October 6th, 2015 10:54 AM

As the Supreme Court term begins, NPR court correspondent Nina Totenberg played dumb on Monday’s Morning Edition, much like Adam Liptak at The New York Times. Why would conservatives dislike “consistently conservative” chief justice John Roberts?

Desperately employing rickety rationales twice to uphold Obamacare somehow doesn’t undermine “consistency.” Totenberg forgot Roberts being hailed by Time magazine in 2012 as similar to  Beethoven, Willie Mays, and King Solomon: “Not since King Solomon offered to split the baby has a judge engineered a slicker solution to a bitterly divisive dispute.”

This is how memory-challenged NPR began on Monday:

RENEE MONTAGNE: It would not have seemed possible when John Roberts ascended to the chief justice of the Supreme Court. But as the high court's new term begins today, the chief justice, despite his overall conservative record on the bench, has become a punching bag for candidates vying for the Republican presidential nomination. NPR's legal affairs correspondent Nina Totenberg reports.

NINA TOTENBERG: Presidential candidates have often criticized the court, pledging that they would appoint a different kind of justice. It's been a half-century, though, since politicians have put a chief justice by name in the crosshairs of criticism. And what is puzzling about the Roberts's critique is that this George W. Bush appointee was hailed by the right when he was appointed 10 years ago. And he has a consistently conservative record on most issues.

Totenberg seems to be referring to “Impeach Earl Warren” cries in the 1960s. But can she seriously claim that Chief Justice Rehnquist wasn’t “in the crosshairs of criticism” after Bush v. Gore?

She claimed “On only one flashpoint subject has he parted ways with some or all of the court's most conservative members -- Obamacare.” As if that one was insignificant. Mark Levin declared "Our constitutional process is dead."
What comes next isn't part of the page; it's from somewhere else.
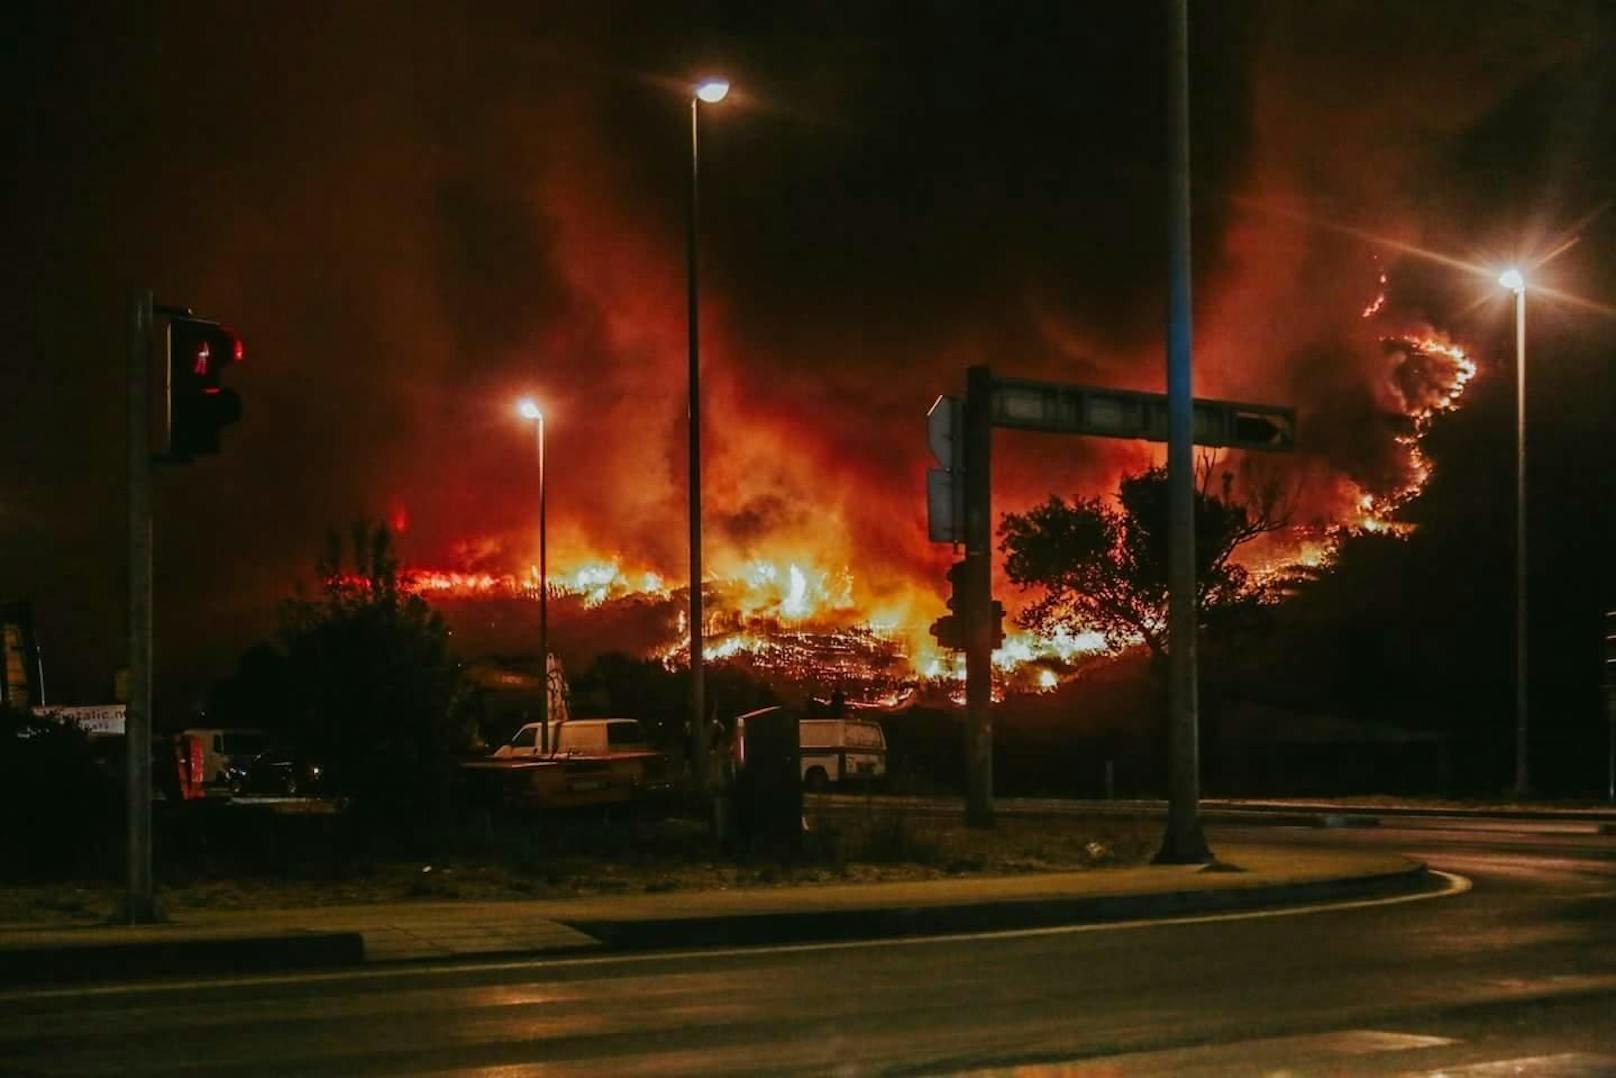 An der Adriaküste verschlangen die Flammen Tausende Hektar Land. Leserreporter teilten ihre Fotos mit der "Heute"-Community.
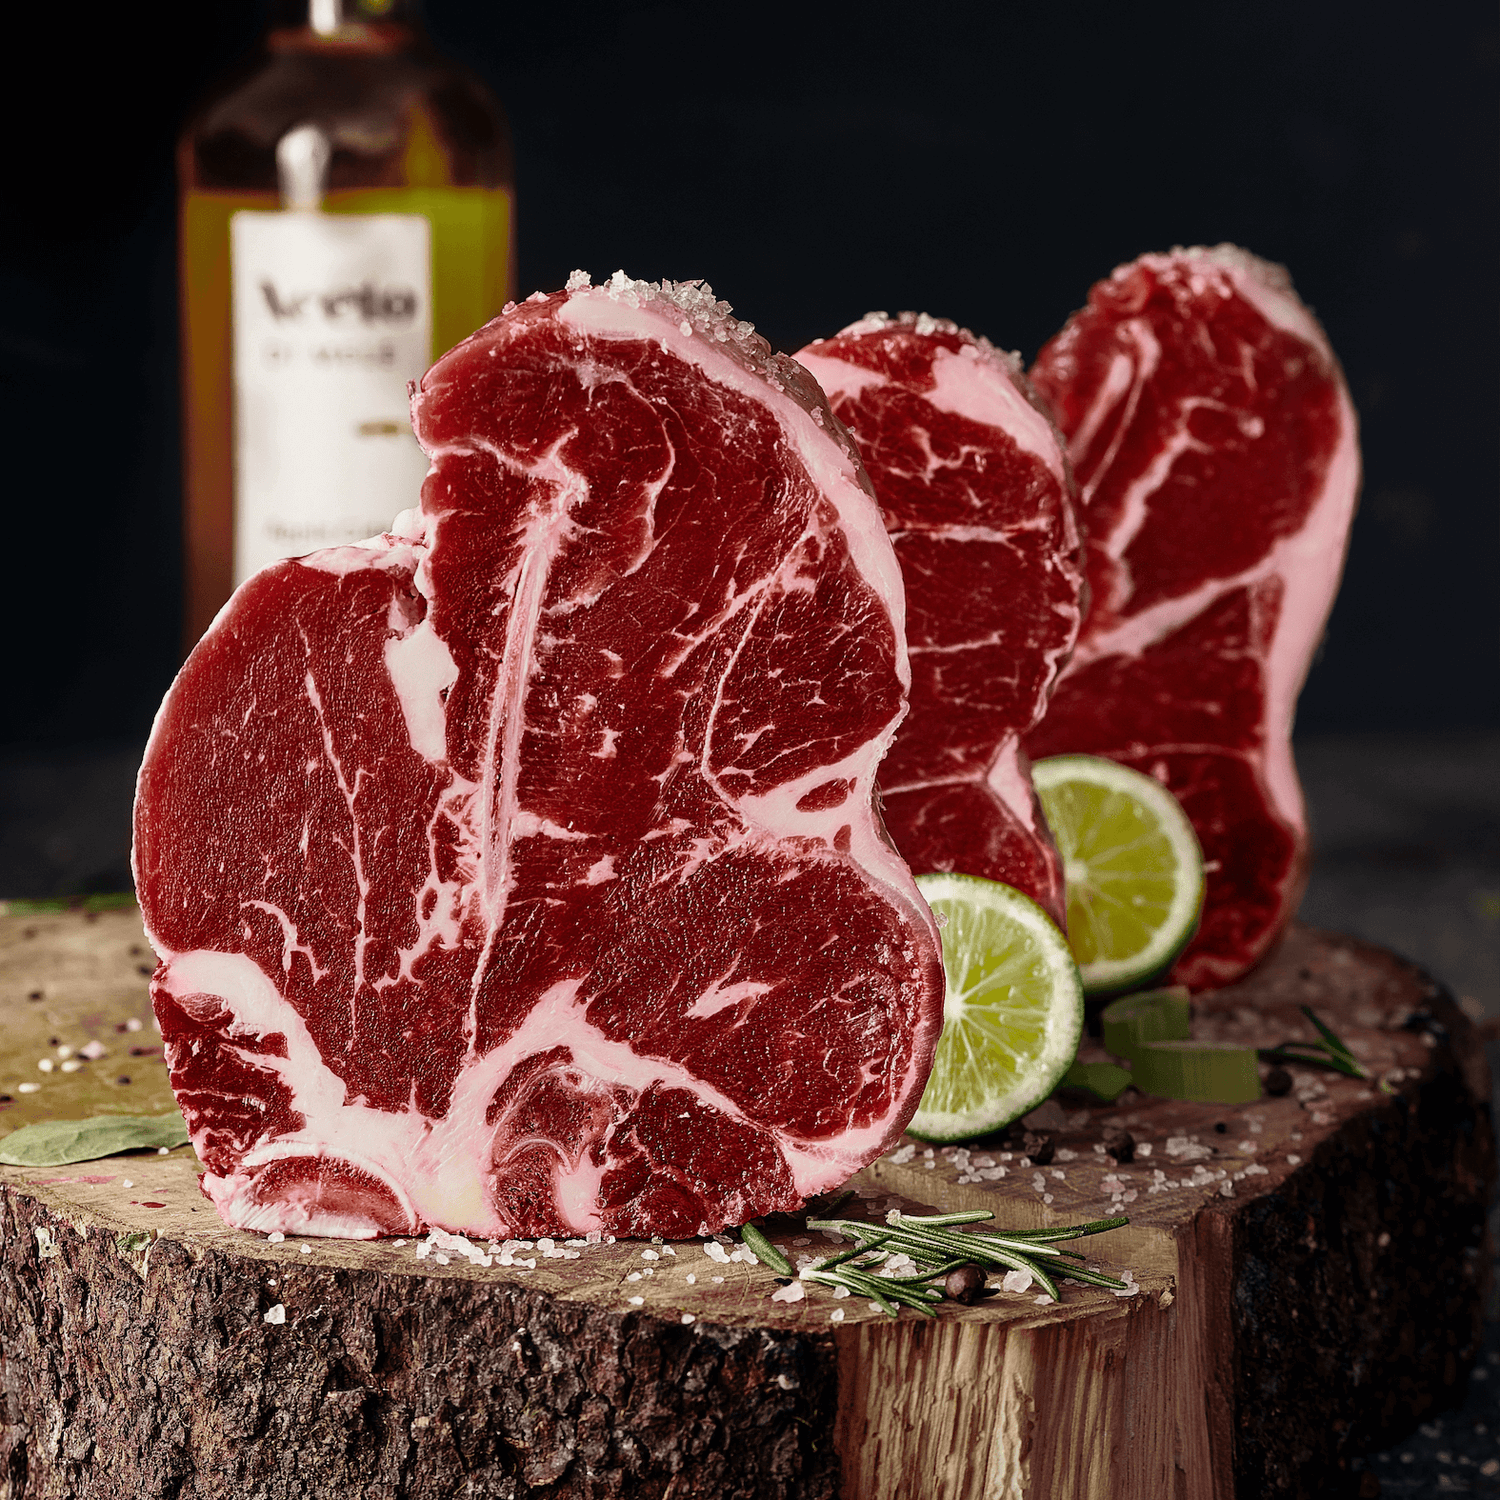 Perfekt marmoriertes Steak auf Holz

Imagine a liberal Chief Justice who voted to repeal Roe v. Wade or voted against a mandate for gay marriage. Would Democrats (and their media allies) still call them “consistently liberal”?

Liberals may have been delighted by the end of the last term in June, but Totenberg insisted there were conservative horrors to come:

TOTENBERG: Most experts see those liberal victories, however, as a product of an idiosyncratic mix of cases. And this term, the issues play much more to the strength of the court's conservatives. There are cases that could further cut back affirmative action in higher education, hobble or destroy public employee unions and make it easier to limit voter participation in elections.

Typically, the NPR reporter didn't interview any conseratives for analysis, just her former intern Tom Goldstein of the liberal SCOTUSBlog. (She doesn't usually disclose their tight relationship. Now a leading Supreme Court lawyer, Totenberg helped him get a clerkship with liberal Judge Patricia Wald, a one-time favorite on Democratic wish lists for the high court. Goldstein and his wife Amy Howe named their baby Nina after her.)